The cerebellum, a key brain area for socialization

This image of a mouse cerebellum expressing a fluorescent protein in Purkinje cells expressing dopamine D2 receptors. © Emmanuel Valjent, Institute of Functional Genomics (Montpellier).

Located in the back of the skull, the cerebellum is a key brain region for controlling motor functions, but it also contributes to higher cognitive functions, including social behaviors. In a recent study, an international research consortium including scientists from Inserm, the University of Montpellier, the CNRS, the Neurociències Universitat Autònoma de Barcelona (INc-UAB) (Spain) and the University of Lausanne (Switzerland) have discovered how a neurotransmitter in the cerebellum, dopamine, modulates Social behavior through action on a specific dopamine receptor called D2R. Using mouse models and various genetic tools, the researchers showed that changes in D2R levels, in a specific type of cerebellar cell, modulate social communication and preference for social novelty, without affecting motor functions. these results, Published in the newspaper natural neuroscienceIt opens the way for a better understanding of some psychological disorders associated with social communication, such as autism spectrum disorders (ASD), bipolar disorders or schizophrenia.

Dopamine (DA) is the main neurotransmitter in the brain’s reward system, involved in controlling impulses, emotional states, and social interactions. The regulation of these processes depends to a large extent on the activation of the neural integrated circuits in the limbic regions. However, recent evidence suggests that the cerebellum, an area traditionally associated with motor control, may also contribute to higher cognitive functions, including social behaviors.

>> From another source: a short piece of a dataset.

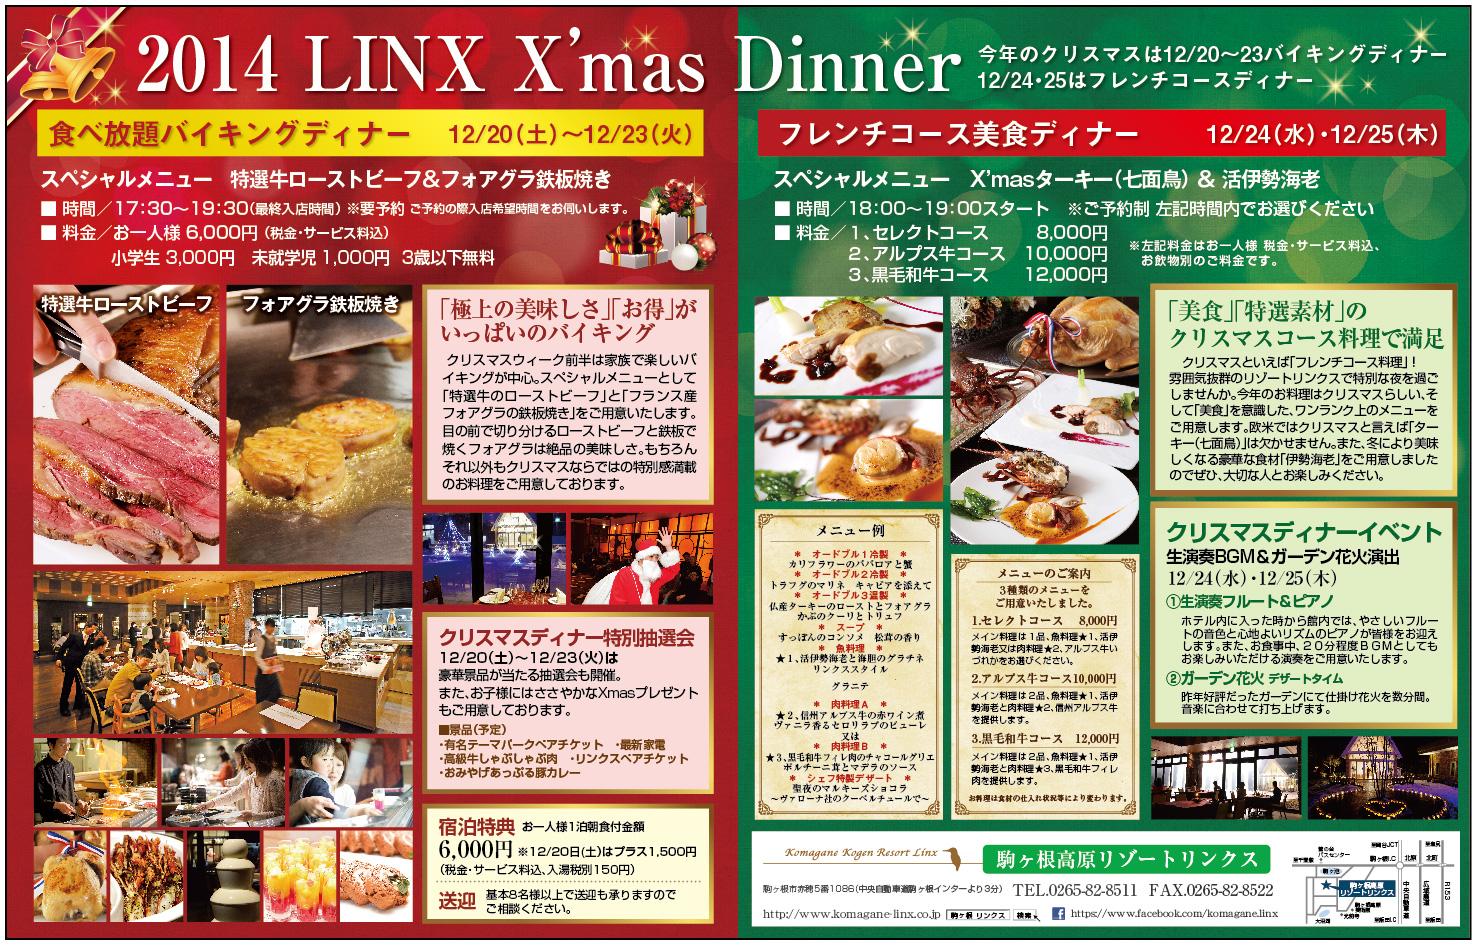 http://www.komagane-linx.co.jp/blogimages/hotel_20141031_kamiina2.jpg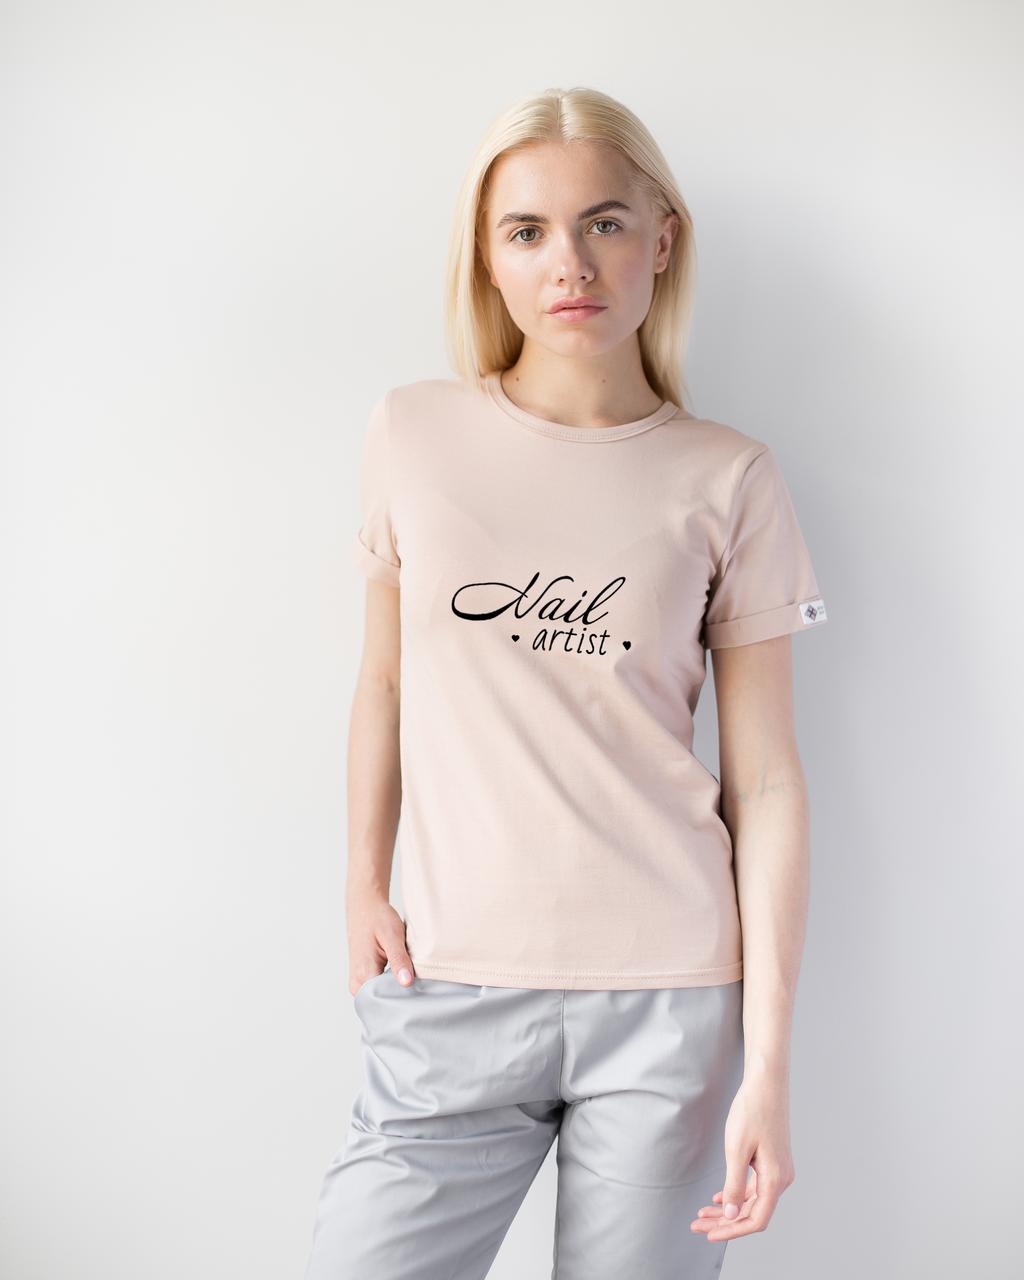 Женская футболка Модерн, беж принт Nail artist

To go further and better understand the role of the cerebellum, researchers from Inserm, University of Montpellier, CNRS, Institut Neurociències UAB (Spain) and University of Lausanne (Switzerland) highlighted a new role for dopamine in the cerebellum, shown to modulate social behaviors in mice.

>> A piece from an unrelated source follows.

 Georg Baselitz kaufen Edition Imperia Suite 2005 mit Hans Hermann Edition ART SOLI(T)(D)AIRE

By combining transcriptomic analysis[1] Cell-type-specific and immunofluorescence and 3-D imaging analyses, the researchers first demonstrated the presence of a specific type of dopamine receptor (called a D2R) in the main output neurons of the cerebellum, Purkinje cells. Thanks to recordings of neuronal activity, they were able to show that D2Rs modulated the excitation of Purkinje cells.

“This first series of results was really crucial for us, because it revealed that D2Rs were indeed present in the cerebellum, which was not yet clear, and although their expression was low, they were functional. Emmanuel Valgent, director of research at Inserm and coordinator of the study confirms.

Understand the role of dopamine in the cerebellum

The researchers then looked at the function of D2R receptors within these neurons in the cerebellum. Using genetic approaches to selectively decrease or increase the amount of D2R receptors in Purkinje cells, they analyzed the effect of these alterations on motor and non-motor functions of the cerebellum.

Thus, the scientists demonstrated that there is a correlation between the amount of D2R expressed in Purkinje cells and the modulation of social behavior.

“Reducing the expression of this specific dopamine receptor impaired the mice’s ability to socialize as well as their preference for social novelty, while their coordination and motor functions were not affected. Explains Dr. Laura Cutando, a postdoctoral student at Inserm and now a UAB researcher, and first author of the article.

This study is a first step towards a better understanding of the role of dopamine in the cerebellum and the mechanisms underlying psychiatric disorders such as schizophrenia, ADHD and anxiety disorders, which all share common variable levels of dopamine and altered social behaviors.

[1] Transcription is the analysis of messenger RNA transcribed in a cell, tissue or organism, which makes it possible to determine the expression of genes.